Butamisole

Identifiers
- IUPAC name 2-Methyl-N-[3-(2,3,5,6-tetrahydroimidazo[2,1-b][1,3]thiazol-6-yl)phenyl]propanamide;
- CAS Number: 54496-44-5;
- PubChem CID: 166572;
- ChemSpider: 145767;
- ChEMBL: ChEMBL2110807;
- CompTox Dashboard (EPA): DTXSID8057770 ;

Chemical and physical data
- Formula: C_{15}H_{19}N_{3}OS
- Molar mass: 289.40 g·mol^{−1}
- 3D model (JSmol): Interactive image;
- SMILES CC(C)C(=O)NC1=CC=CC(=C1)C2CN3CCSC3=N2;
- InChI InChI=1S/C15H19N3OS/c1-10(2)14(19)16-12-5-3-4-11(8-12)13-9-18-6-7-20-15(18)17-13/h3-5,8,10,13H,6-7,9H2,1-2H3,(H,16,19); Key:YWDWYOALXURQPZ-UHFFFAOYSA-N;

= Butamisole =

Butamisole is a pharmaceutical drug used in veterinary medicine.
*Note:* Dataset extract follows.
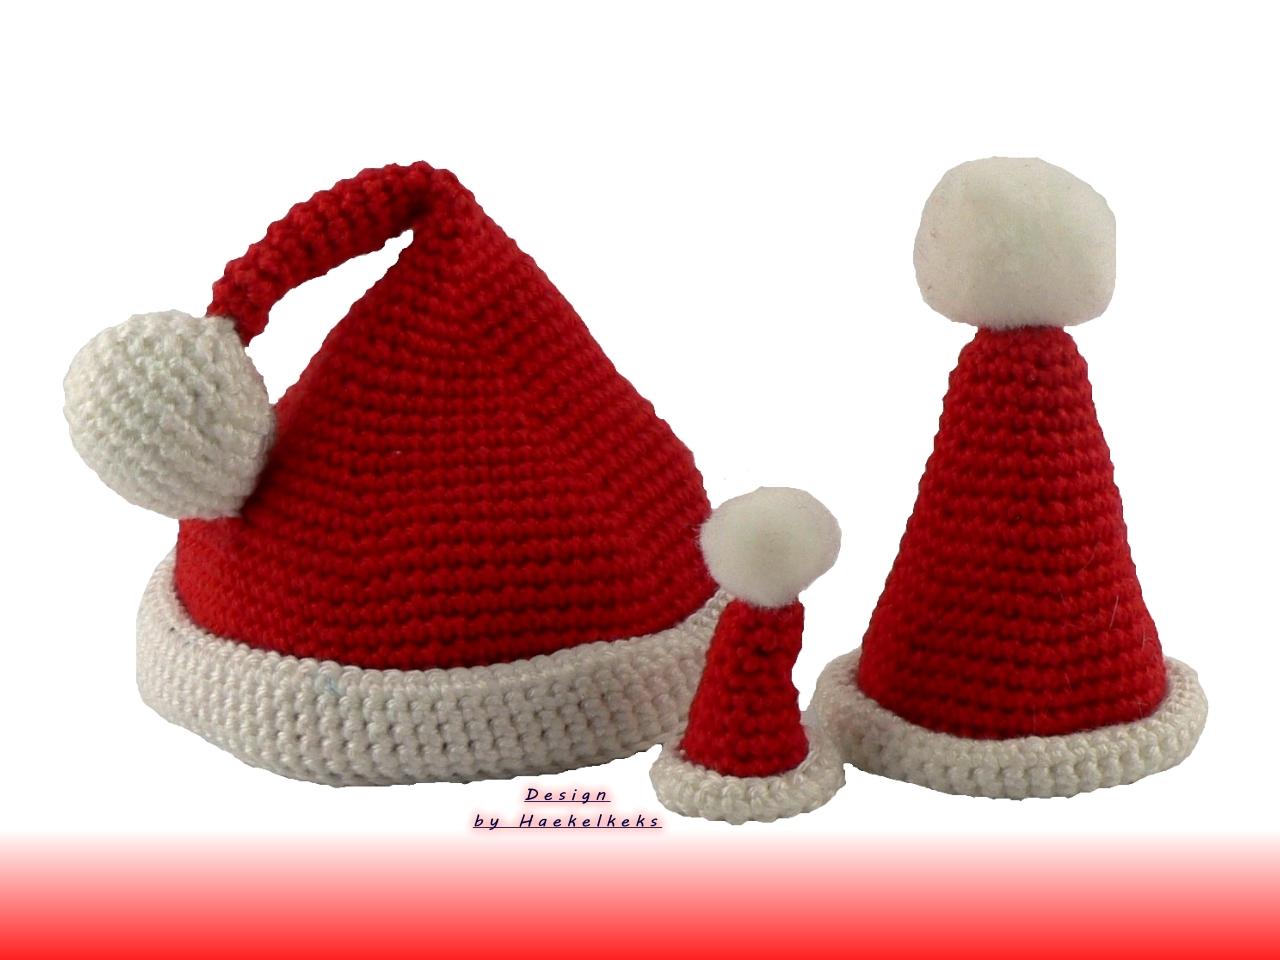 Amigurumi - Weihnachtsmann häkeln | Häkelanleitung kostenlos ... | 960x1280

It is an anthelmintic of the imidazothiazole class. In dogs it is used for the treatment of infections with whipworms such as Trichuris vulpis and with hookworm such as Ancylostoma caninum. It acts as a nicotinic acetylcholine receptor agonist that causes sustained muscle contraction in the parasite followed by depolarizing neuromuscular blockade which leads to paralysis.